⟨

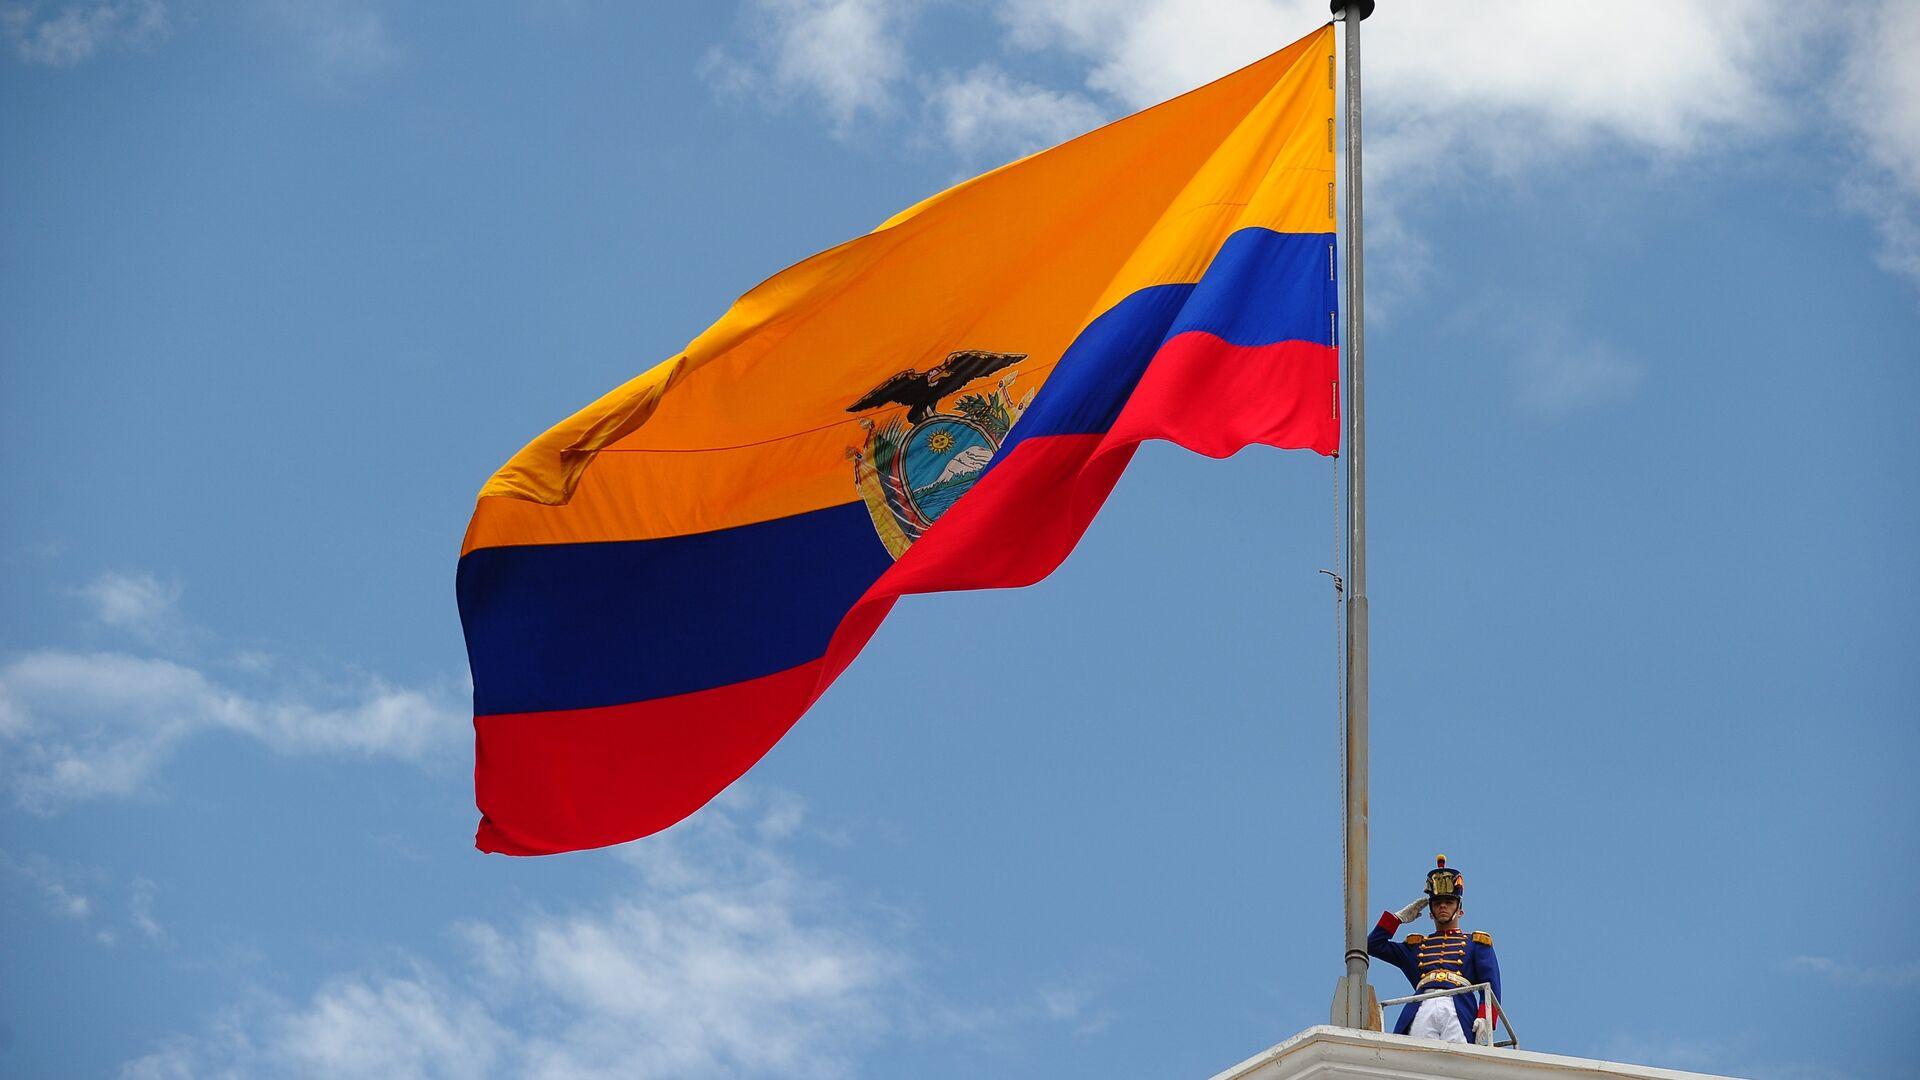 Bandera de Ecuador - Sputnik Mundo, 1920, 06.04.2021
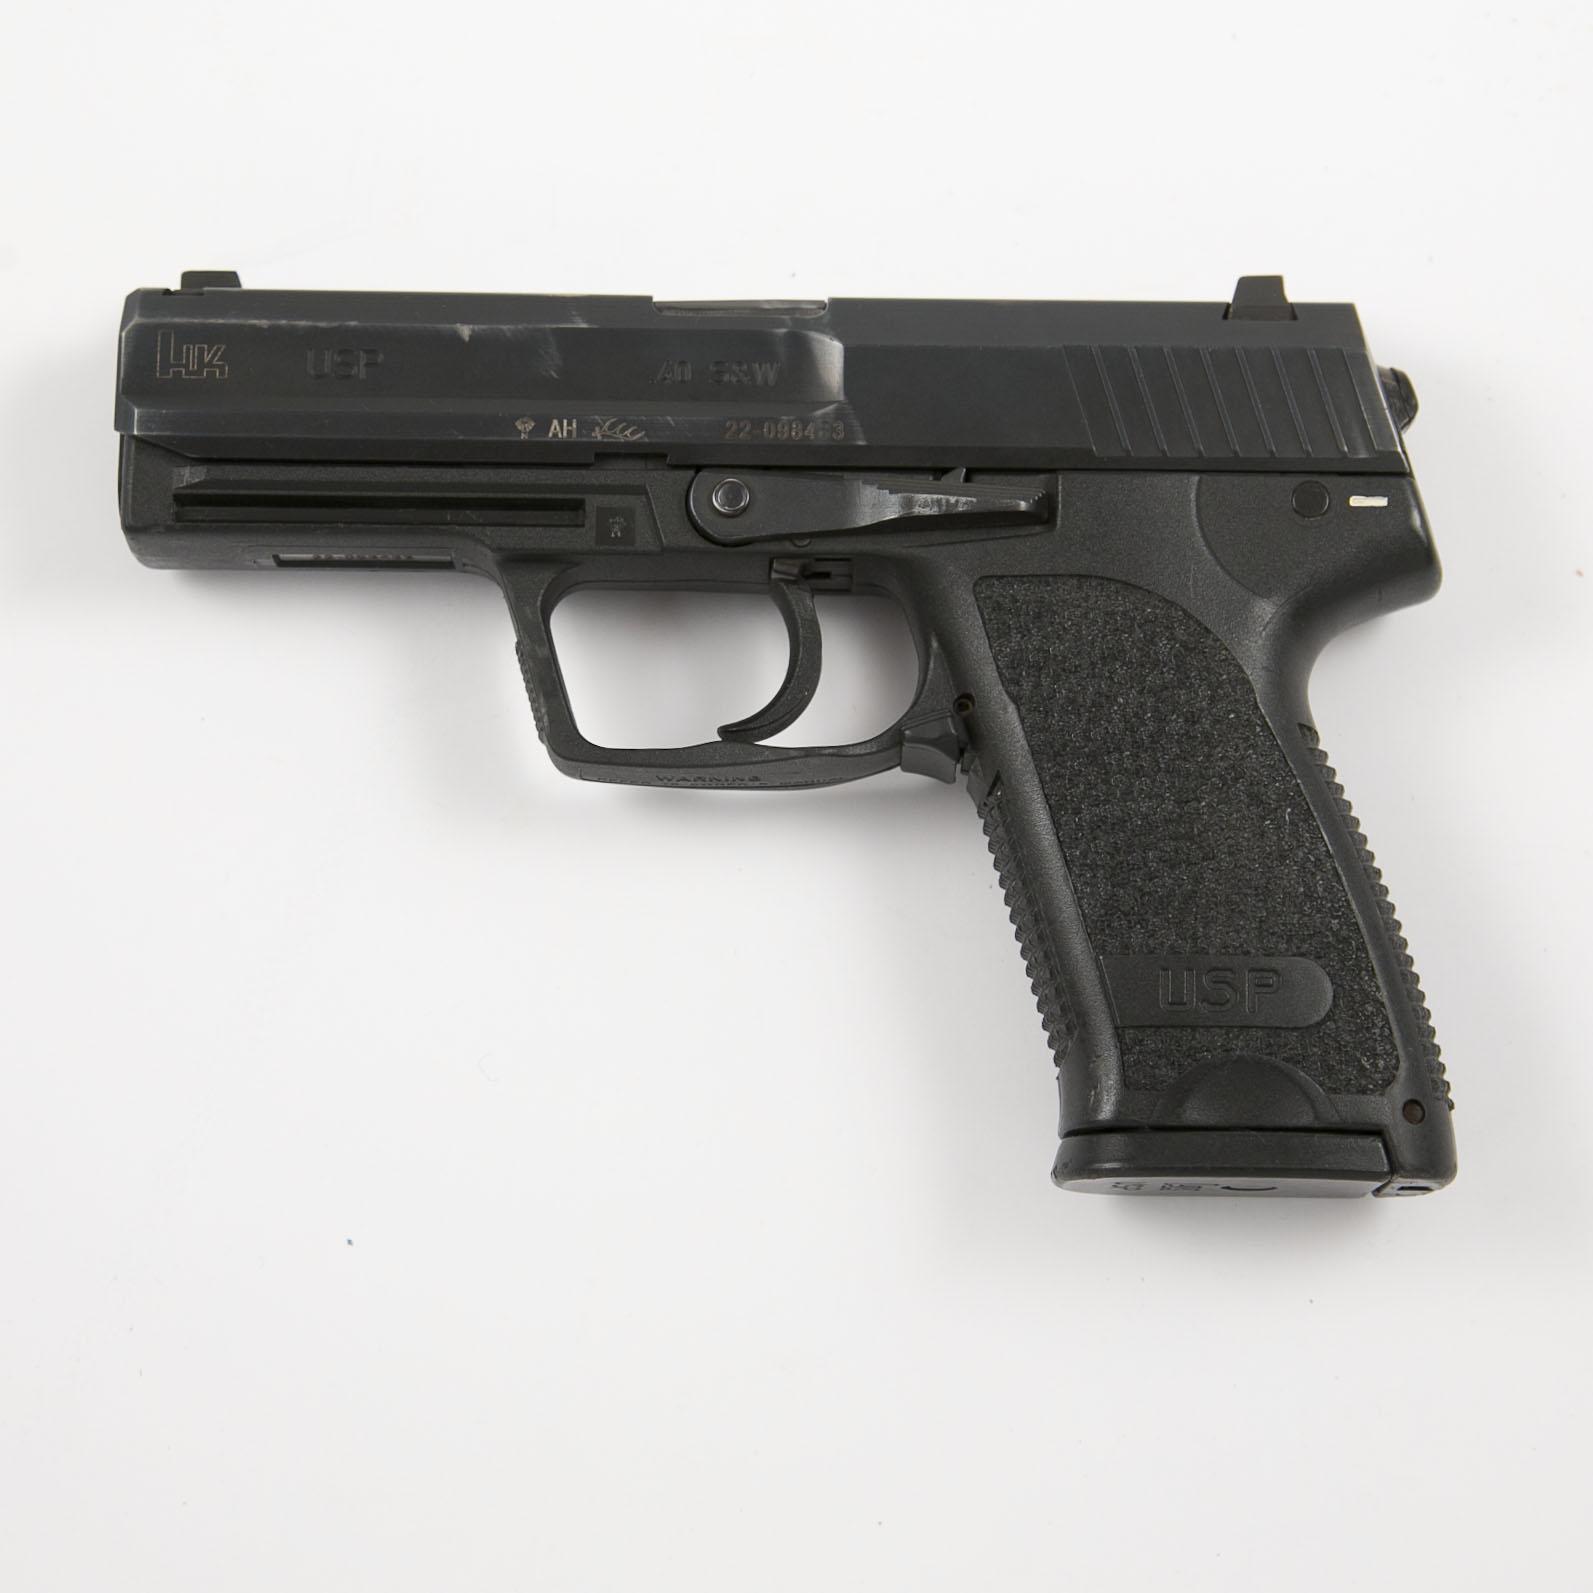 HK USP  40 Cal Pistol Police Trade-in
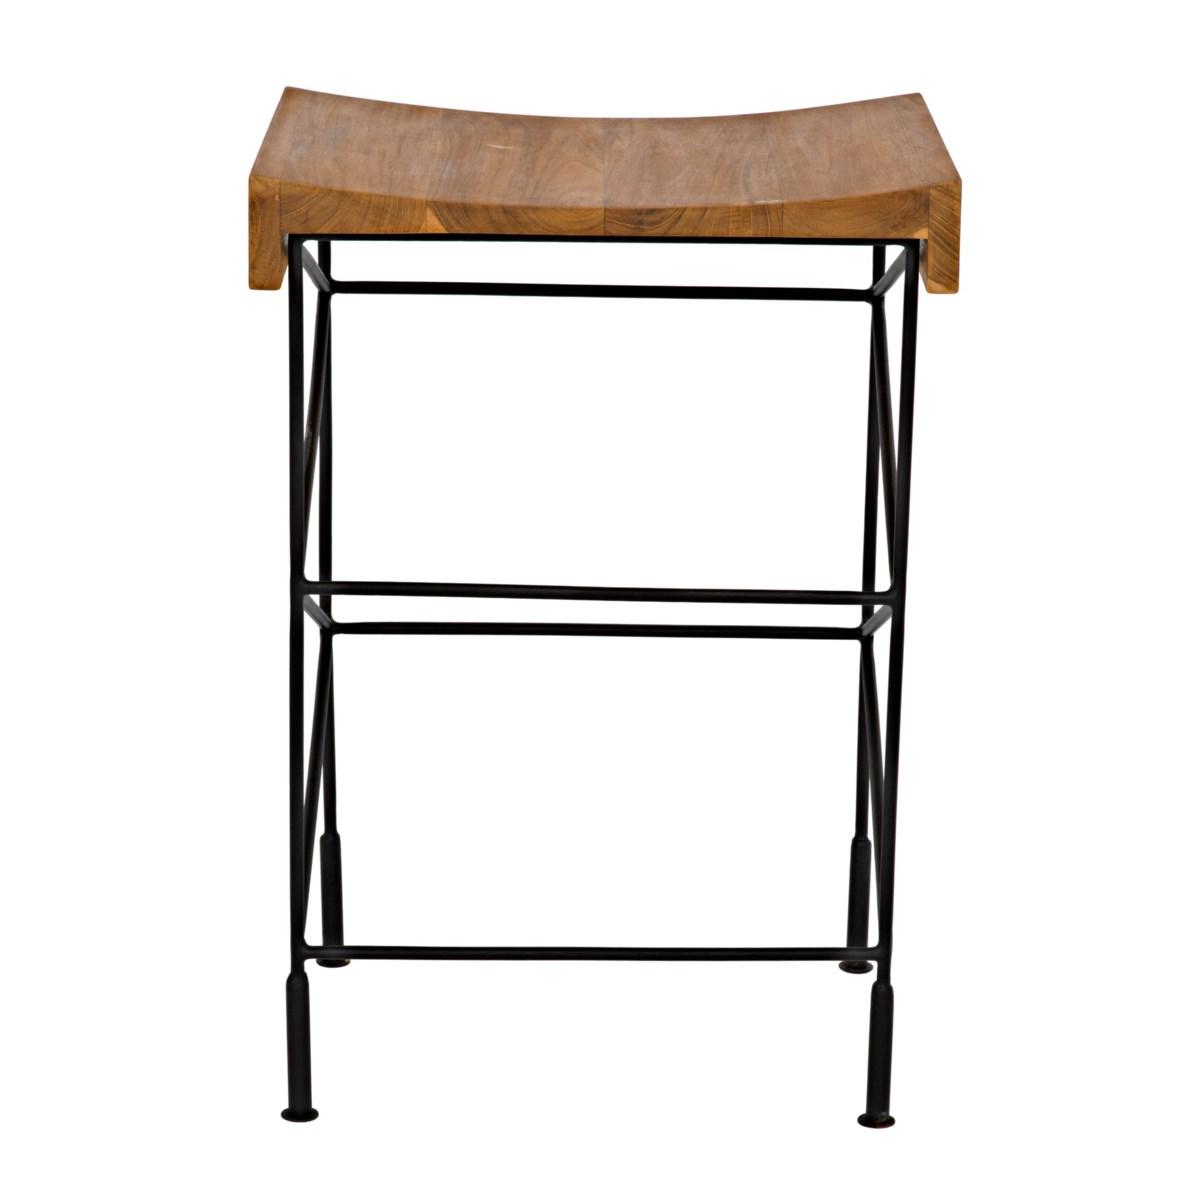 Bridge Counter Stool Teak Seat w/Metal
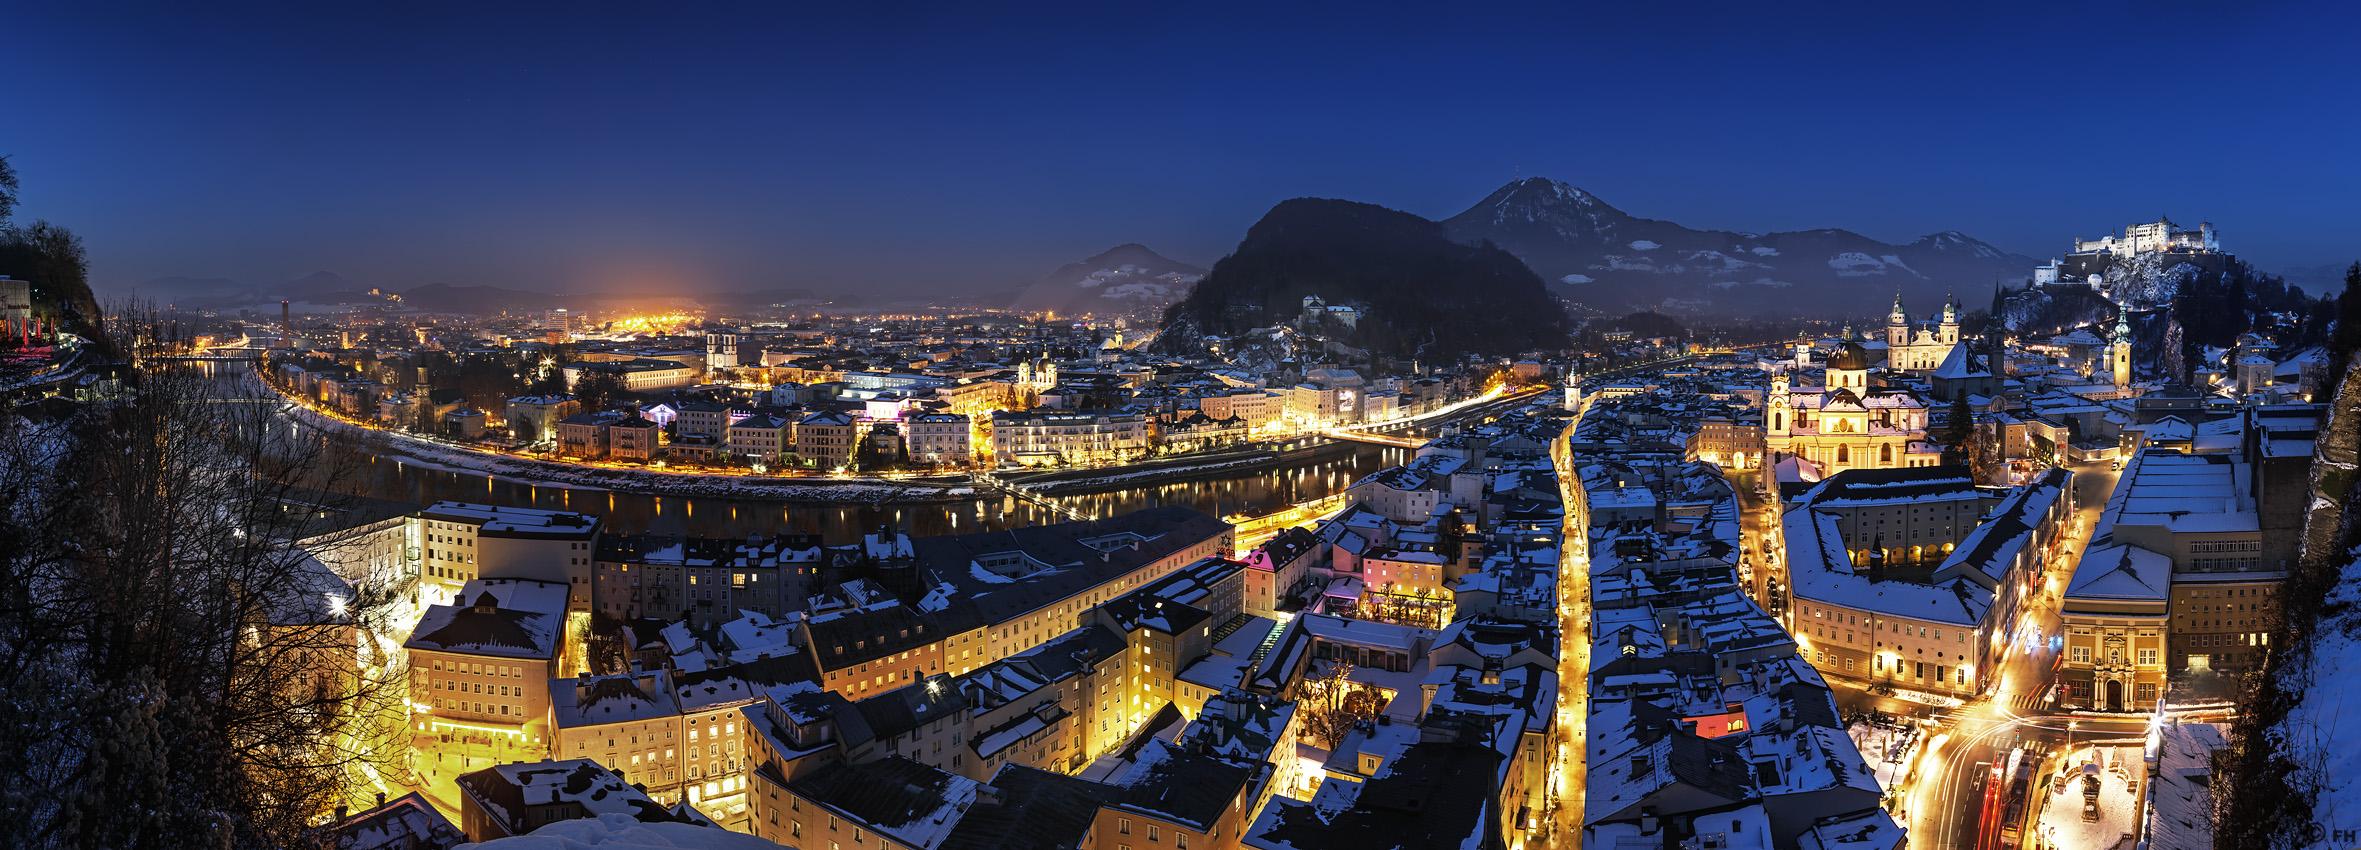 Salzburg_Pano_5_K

⟩

### [What is required]
Reproduce the listing exactly. Leave its pictures out.

### [Task output]
 Bandera de Ecuador - Sputnik Mundo, 1920, 06.04.2021
 HK USP  40 Cal Pistol Police Trade-in
 Bridge Counter Stool Teak Seat w/Metal
 Salzburg_Pano_5_K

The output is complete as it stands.